[Exercise brief] When the line containing "New 2020 Toyota" appears in the entries below, begin printing there and stop after the line containing "Best stop-off Diners"; print each of those lines exactly and no other line.

[Study material]
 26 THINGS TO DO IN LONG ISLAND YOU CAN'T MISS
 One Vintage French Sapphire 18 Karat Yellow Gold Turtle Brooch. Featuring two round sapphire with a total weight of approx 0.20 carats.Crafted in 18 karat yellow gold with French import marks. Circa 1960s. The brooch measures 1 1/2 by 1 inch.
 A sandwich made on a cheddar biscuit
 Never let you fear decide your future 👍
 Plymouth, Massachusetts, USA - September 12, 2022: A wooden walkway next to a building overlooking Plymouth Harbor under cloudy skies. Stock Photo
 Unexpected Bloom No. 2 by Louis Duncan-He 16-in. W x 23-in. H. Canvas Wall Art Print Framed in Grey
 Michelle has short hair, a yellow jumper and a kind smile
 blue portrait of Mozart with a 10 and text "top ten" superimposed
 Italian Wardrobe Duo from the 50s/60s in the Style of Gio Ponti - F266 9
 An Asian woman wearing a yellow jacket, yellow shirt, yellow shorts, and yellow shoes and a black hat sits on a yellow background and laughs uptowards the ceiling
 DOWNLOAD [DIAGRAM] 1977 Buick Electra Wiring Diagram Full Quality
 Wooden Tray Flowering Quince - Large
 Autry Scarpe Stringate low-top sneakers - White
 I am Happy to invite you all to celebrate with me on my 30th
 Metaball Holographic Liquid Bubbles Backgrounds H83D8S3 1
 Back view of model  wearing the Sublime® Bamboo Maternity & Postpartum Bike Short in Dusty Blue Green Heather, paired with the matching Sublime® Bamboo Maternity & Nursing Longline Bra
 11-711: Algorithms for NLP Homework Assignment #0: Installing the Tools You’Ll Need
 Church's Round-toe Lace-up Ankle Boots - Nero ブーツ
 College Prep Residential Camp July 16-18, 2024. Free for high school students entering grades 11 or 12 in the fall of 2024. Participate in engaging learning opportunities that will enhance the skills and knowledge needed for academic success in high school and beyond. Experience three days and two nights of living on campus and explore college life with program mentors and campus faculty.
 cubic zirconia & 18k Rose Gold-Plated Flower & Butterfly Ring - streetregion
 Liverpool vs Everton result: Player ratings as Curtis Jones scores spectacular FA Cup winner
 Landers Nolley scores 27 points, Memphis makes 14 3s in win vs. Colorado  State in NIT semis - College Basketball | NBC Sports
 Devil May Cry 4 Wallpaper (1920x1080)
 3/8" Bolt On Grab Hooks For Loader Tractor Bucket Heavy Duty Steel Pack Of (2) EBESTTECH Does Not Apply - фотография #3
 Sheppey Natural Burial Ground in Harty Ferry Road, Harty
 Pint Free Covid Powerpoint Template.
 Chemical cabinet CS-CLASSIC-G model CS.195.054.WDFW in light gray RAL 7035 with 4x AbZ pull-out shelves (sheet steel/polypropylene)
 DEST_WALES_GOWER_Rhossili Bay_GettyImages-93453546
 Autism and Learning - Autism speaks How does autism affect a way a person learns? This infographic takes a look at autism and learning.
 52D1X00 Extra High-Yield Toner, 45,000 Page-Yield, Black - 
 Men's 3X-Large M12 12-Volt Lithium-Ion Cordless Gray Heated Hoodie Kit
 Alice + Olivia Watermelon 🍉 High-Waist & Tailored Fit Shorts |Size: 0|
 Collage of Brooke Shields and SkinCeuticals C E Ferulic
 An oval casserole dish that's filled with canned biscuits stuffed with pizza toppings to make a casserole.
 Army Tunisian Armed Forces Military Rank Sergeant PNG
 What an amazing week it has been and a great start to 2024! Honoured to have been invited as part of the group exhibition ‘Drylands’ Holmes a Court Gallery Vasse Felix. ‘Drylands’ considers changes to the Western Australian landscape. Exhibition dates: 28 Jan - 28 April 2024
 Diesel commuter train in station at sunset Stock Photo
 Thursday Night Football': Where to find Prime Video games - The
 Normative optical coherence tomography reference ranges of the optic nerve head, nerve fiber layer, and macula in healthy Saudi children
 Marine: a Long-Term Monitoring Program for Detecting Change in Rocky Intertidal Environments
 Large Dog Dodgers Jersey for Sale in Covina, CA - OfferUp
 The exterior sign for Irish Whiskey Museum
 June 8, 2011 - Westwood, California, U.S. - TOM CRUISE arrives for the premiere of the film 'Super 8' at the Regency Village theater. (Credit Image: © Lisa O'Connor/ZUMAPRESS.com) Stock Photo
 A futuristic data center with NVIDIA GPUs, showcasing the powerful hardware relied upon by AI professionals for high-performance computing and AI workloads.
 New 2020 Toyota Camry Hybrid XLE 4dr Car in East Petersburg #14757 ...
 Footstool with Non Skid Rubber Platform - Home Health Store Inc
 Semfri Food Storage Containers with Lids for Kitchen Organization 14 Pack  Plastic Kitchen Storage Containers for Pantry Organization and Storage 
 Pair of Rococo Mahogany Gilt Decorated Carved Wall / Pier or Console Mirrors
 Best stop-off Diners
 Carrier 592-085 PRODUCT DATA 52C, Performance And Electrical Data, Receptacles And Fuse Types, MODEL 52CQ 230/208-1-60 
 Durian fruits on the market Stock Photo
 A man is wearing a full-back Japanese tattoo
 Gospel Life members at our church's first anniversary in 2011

[The completed task]
 New 2020 Toyota Camry Hybrid XLE 4dr Car in East Petersburg #14757 ...
 Footstool with Non Skid Rubber Platform - Home Health Store Inc
 Semfri Food Storage Containers with Lids for Kitchen Organization 14 Pack  Plastic Kitchen Storage Containers for Pantry Organization and Storage 
 Pair of Rococo Mahogany Gilt Decorated Carved Wall / Pier or Console Mirrors
 Best stop-off Diners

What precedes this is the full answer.